I laugh. It feels good to laugh. Maybe when this is all over I will laugh more.

CHAPTER THREE

Luca

THE WALK WITHthe Don to his office is quiet. The eeriness of it sets me on edge. It’s rare the house is this quiet. There are always dozens of people milling about. From soldiers, capos, maids, to gardeners. You name it and they are here. The house isn’t so much a house as it is a mansion. It’s the headquarters for the Caruso Family.

It’s one of those old money houses. Been in the family for generations. Ever since the family came to rule the city in 1904. The house isn’t my style. I prefer modern architecture. Clean lines and minimal clutter. The walls here are lined with paintings, sculptures, and various works of art. They are worth hundreds of millions. As far as I know the Don isn’t an art enthusiast. He pays no mind to the artwork once it’s in his possession.
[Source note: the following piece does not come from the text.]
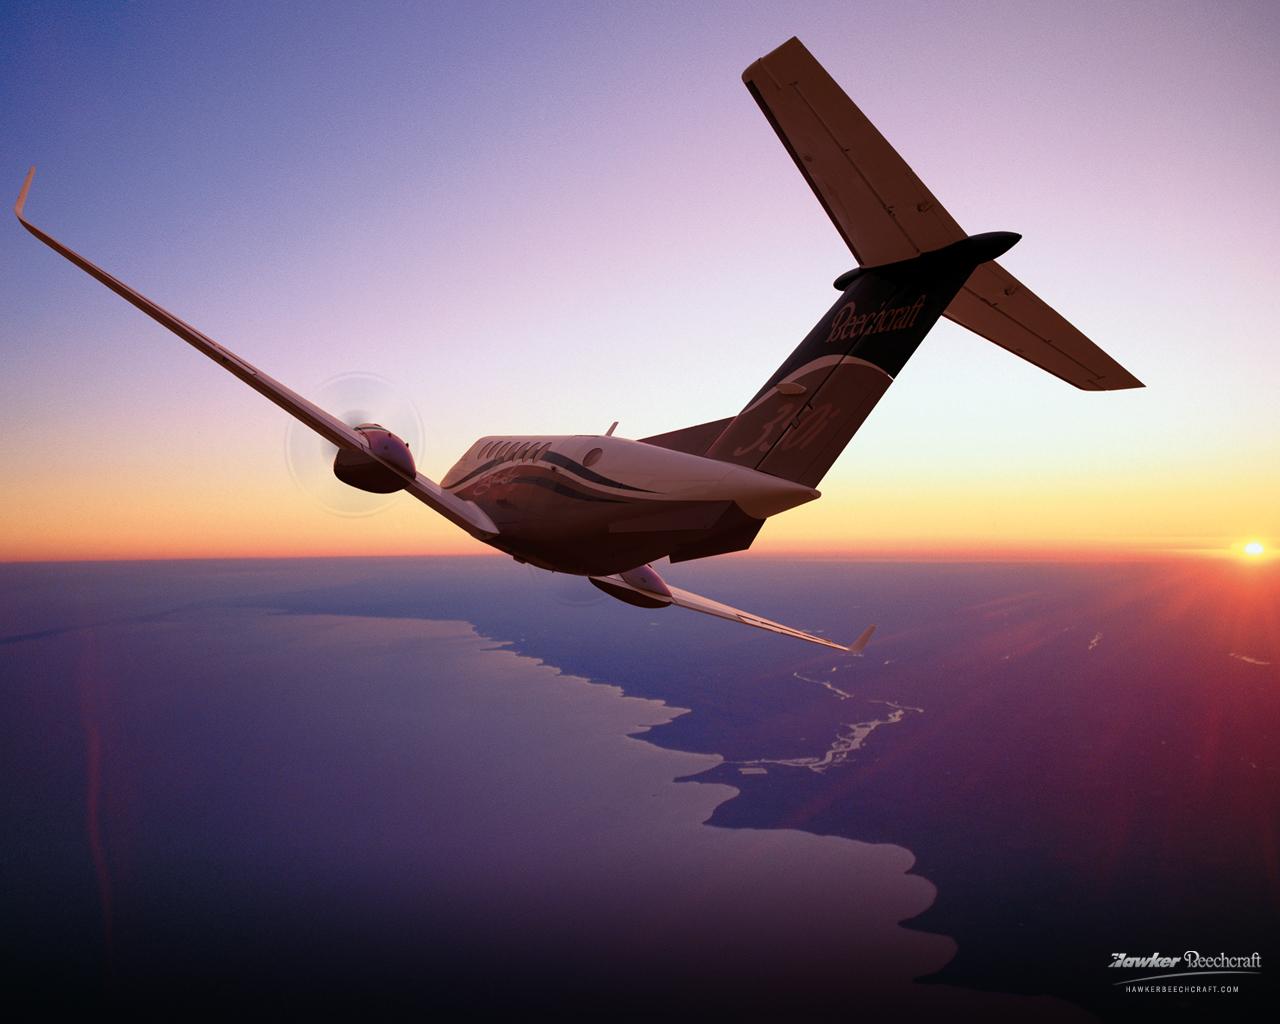 Beechcraft King Air Fleet Surpasses 60 Million Flight Hours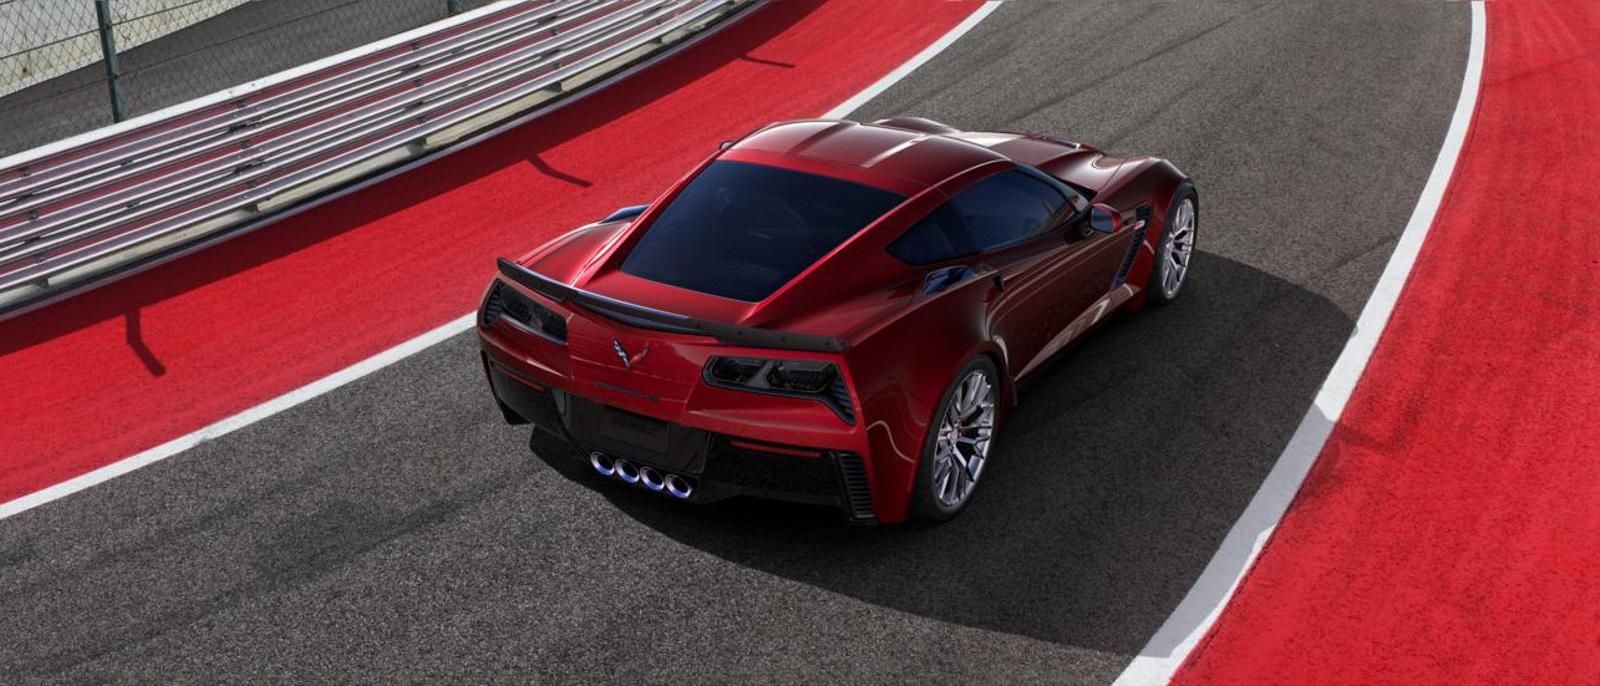 2016 Chevy Corvette Z06 Rear

I long thought he bought it for someone in the family. Now I think collecting art has become a habit for the Don. Something he can do that makes him feel powerful by shelling out millions for a canvas while being unrelated to the darker side of business.

The Don doesn’t say anything as we meander down the hall. We rarely need to communicate on our walks. After working side by side the last seven years we have developed a bond. Don Caruso, my father and me. Our roles as Don, Underboss, and Heir have been blurred, but it works for us. Piece by piece the Don has been handing over more responsibilities to me and my father has begun to train my chosen second, my childhood friend Massimo. We’ve had each other’s backs since we were in diapers.